Analysis of the cleavage specificity of platypus DDN1-like (also a chymase) by the use of recombinant protein substrates. The different panels show the cleavage of a number of substrates by the platypus DDN1-like. The sequences of the different substrates are indicated above the pictures of the gels. The red residues highlight the major difference between this substrate and the reference substrate positioned at the beginning (Left side) of this panel. The time of cleavage, in minutes, is also indicated above the corresponding lanes of the different gels.

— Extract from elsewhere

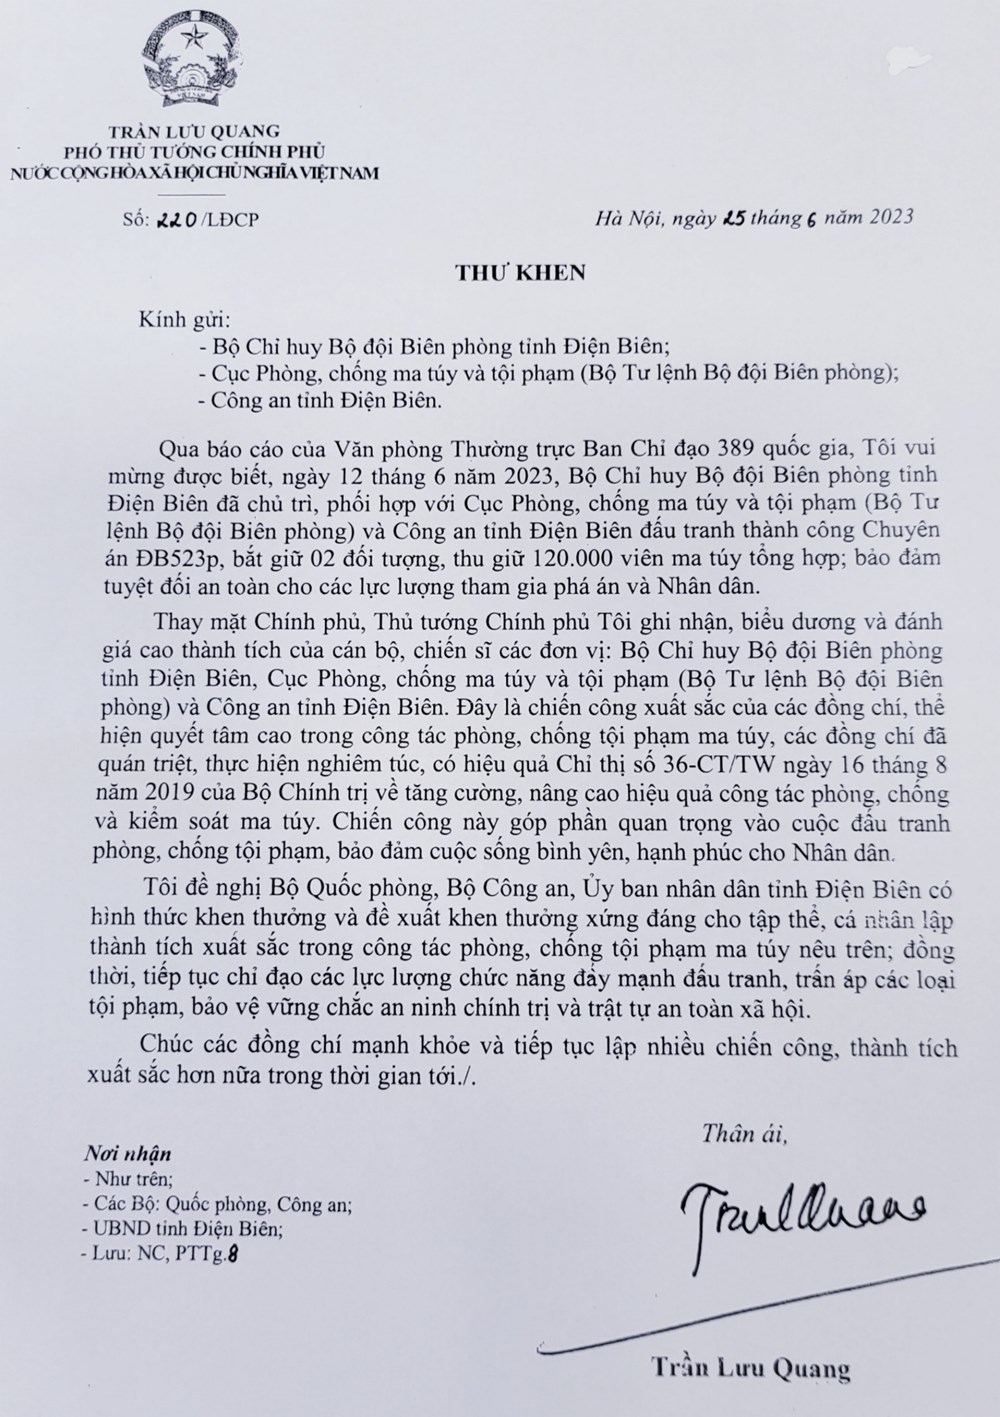 Phó Thủ tướng Chính phủ Trần Lưu Quang gửi thư khen Bộ đội Biên phòng tỉnh Điện Biên, Cục Phòng, chống ma túy và tội phạm Bộ đội Biên phòng và Công an tỉnh Điện Biên - ảnh 1

The un-cleaved substrates have a molecular weight of approximately 25 kDa and the cleaved substrates appear as two closely-located bands with a size of 12–13 kDa.

Figure 6

Analysis of the cleavage specificity of platypus GzmBGH (the granzyme B equivalent) by the use of recombinant protein substrates. The different panels show the cleavage of a number of substrates by the platypus GzmBGH. The sequences of the different substrates are indicated above the pictures of the gels. The red residues highlight the major difference between this substrate and the reference substrate positioned at the beginning (Left side) of this panel. The time of cleavage, in minutes, is also indicated above the corresponding lanes of the different gels. The un-cleaved substrates have a molecular weight of approximately 25 kDa and the cleaved substrates appear as two closely-located bands with a size of 12–13 kDa.